Short cuts in the daytime
I went to see the good doctor about eleven years ago at the Forum. I remember very clearly that he announced himself as follows (or, at least, this is what I think I heard): "I'm Dr John, the Night Tripper. I take short cuts in the daytime". I still have no idea what this means, but it sounded really cool.
Hot Rats
I knew from my Led Zeppelin and other albums that a guitar could sing and lift a song to exciting heights, and I was more than familiar with Jimi's genius, but I hadn't heard anyone do what Frank does on this album with an electric guitar, the Captain on growling, and a full band as tight as a very tight thing.
It was an epiphany, and also the road to near ruin, with perpetually growing "wish lists" for years to come.
If Dweezil thinks I'm going to make that mistake again... Oh bugger.
So many...
...my parents had a small collection of 70s/80s rock albums ranging from Van Der Graaf Generator to King Crimson to Peter Gabriel, Pink Floyd and John Martyn. All of them fascinated me from an early age and continue to do so.
My own more recent 'what the...' discoveries which opened my mind to a whole new world of music include Scott Walker's 'Climate Of Hunter' and Van Morrison's 'Common One'. I posted this on the Van thread, but both of those albums are by 60s legends who did a great big 'screw you' to the music industry's expectations of them and current trends, delivering wildly uncommercial albums which were ignored at the time but acquired mystique as the years went on.
'Hot Rats' was the first Zappa album I heard too, probably the best introduction to his catalogue I think.
Terry Riley
A Rainbow In Curved Air

Discovered in the racks of Leeds University music library. I took it home and copied it to cassette. Realised afterwards I had copied it at 45rpm but thinking it sounded better that way kept the recording intact.
Hah!
What were you smoking?
You might have tried recording it played at 16 for an even more far out effect.
it was..
an older cousins Pink Floyd and Rush albums. I just could not believe the music after radio 1 and a few heavy metal albums.
Simple Minds "Sons &
Simple Minds "Sons & Fascination". I was 15, woke up too early on a Saturday morning, put the loaned cassette of the album into my cheap hi-fi and pressed play. I will never forget the sound of the bassline and warm keyboard pad into to "In Trance As Mission" as I lay in bed in the pitch dark, and the way it made me feel. It's still an extraordinary album.

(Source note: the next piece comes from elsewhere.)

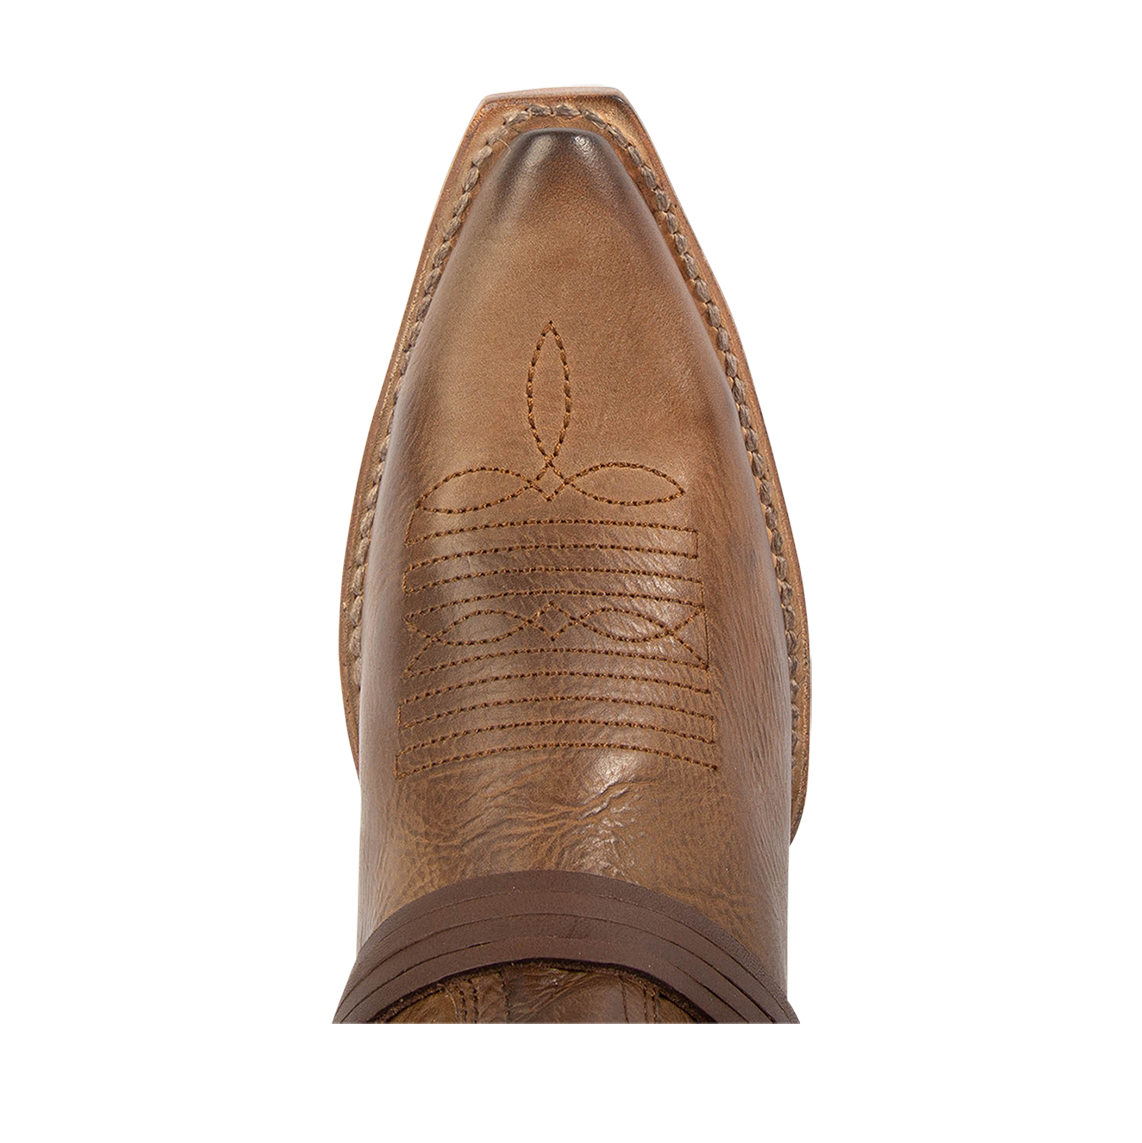 Top view showing snip toe construction with decorative stitch detailing on FREEBIRD women's Wardon tan leather cowboy boot with back lace panel

The Wonderful and Frightening World of...
"Gris Gris" is a brilliantly otherworldly record - weird incense and woodsmoke seem to fill the room whenever I play it.
I remember the point when Nick Cave beckoned me to a bizarre other world. The albums "Kicking Against the Pricks", "Your Funeral...My Trial" and "Henry's Dream" were my passports. "Your Funeral..." is especially intoxicating; you worry for the kind of person who would come up with such a thing.
Tom Waits came soon after. I enjoyed the early years stuff, but when I heard "Just the Right Bullets" on the radio I was lured deep into the forest.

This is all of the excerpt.